Penso alla Repubblica Centrafricana dove ci si muove con tranquillità solo in capitale e fuori è instabilità totale. Come all’ospedale di Bocaranga, 100 posti letto e mille parti all’anno senza neanche un medico. Solo un infermiere, l’unica persona qualificata che ha scelto di restare, di non scappare. Penso all’Etiopia e alla guerra fratricida in Tigray dove stiamo portando aiuto. Guerre lontane geograficamente ma che ci portiamo nel cuore. Guerre dimenticate, di cui ci bruciano sulla pelle le ferite. Guerre assolutamente fuori dal radar, non raccontate da nessuno.
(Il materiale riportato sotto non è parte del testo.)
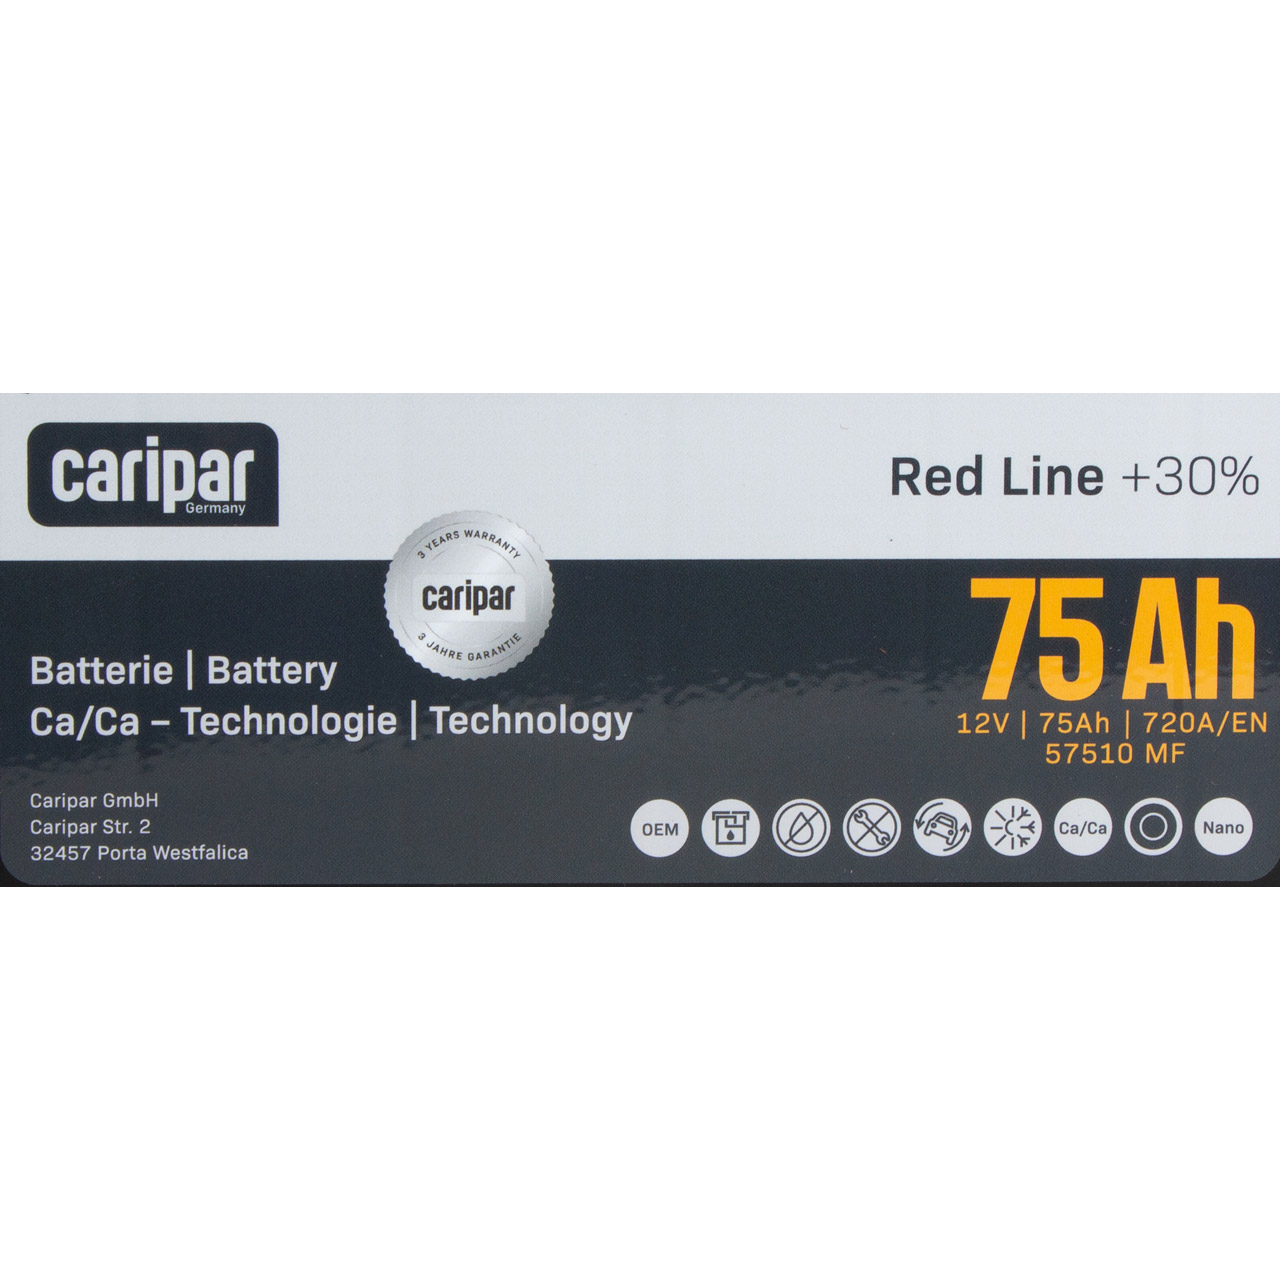 CARIPAR RED LINE +30% PKW KFZ Autobatterie Starterbatterie 12V 75Ah 720A/EN B13

E insieme oggi ci sentiamo interpellati anche da questa guerra vicina. Prendo in prestito le parole di Giovanni e Andrea: “Adesso c’è anche un fronte interno, europeo e bisogna in qualche modo provare a dare una risposta. Per parte nostra cercheremo di farlo con due interventi concreti, mirati, sempre costruiti in collaborazione con le autorità locali. Lo faremo a Chisinau, in Moldavia, dove abbiamo trovato una città poverissima di 220.00 abitanti che fatica a sostenere il peso di quasi 150.000 rifugiati ucraini, destinati ad aumentare nel caso la città di Odessa dovesse cadere e il flusso di profughi intensificarsi ulteriormente. Lo faremo con un’unità sanitaria che fornirà assistenza materno-infantile e sostegno ai pazienti anziani, molti dei quali sono ospitati in case private ma privi di un riferimento sanitario. Ed è quello che cercheremo di fare anche in Ucraina, sostenendo soprattutto dal punto di vista del rifornimento logistico l’ospedale oncologico di Chernivtsi e un’ong locale molto attiva il cui incontro ci ha commosso profondamente e si è concluso con un abbraccio che non dimenticheremo. La situazione lì è grave con l’interruzione di tutti i canali di approvvigionamento e un peso per il sistema sanitario nel dare aiuti ordinari e straordinari”.Viviamo di carità. Quello che facciamo, il nostro impegno vicino ai poveri è il frutto di quella carità che ci accompagna e che ci sorregge: la carità di ciascuno di voi. Quella carità ci spinge a continuare nel nostro impegno determinato, tenace, fedele a quell’Africa che oggi più che mai rischia di essere ulteriormente dimenticata e lasciata in disparte, ma insieme ci incoraggia a essere accanto a quelle mamme, a quei bambini e a quelle persone anziane che in Ucraina, così vicino a noi, stanno soffrendo. Sentiamo forte il dovere di fare la nostra parte con l’aiuto di tutti, come sempre, senza dimenticare l’Africa. Come segno di quella condivisione e di quella fratellanza che ci accomuna, bianchi, neri, africani e ucraini, lì dove ci sono i deboli e gli indifesi.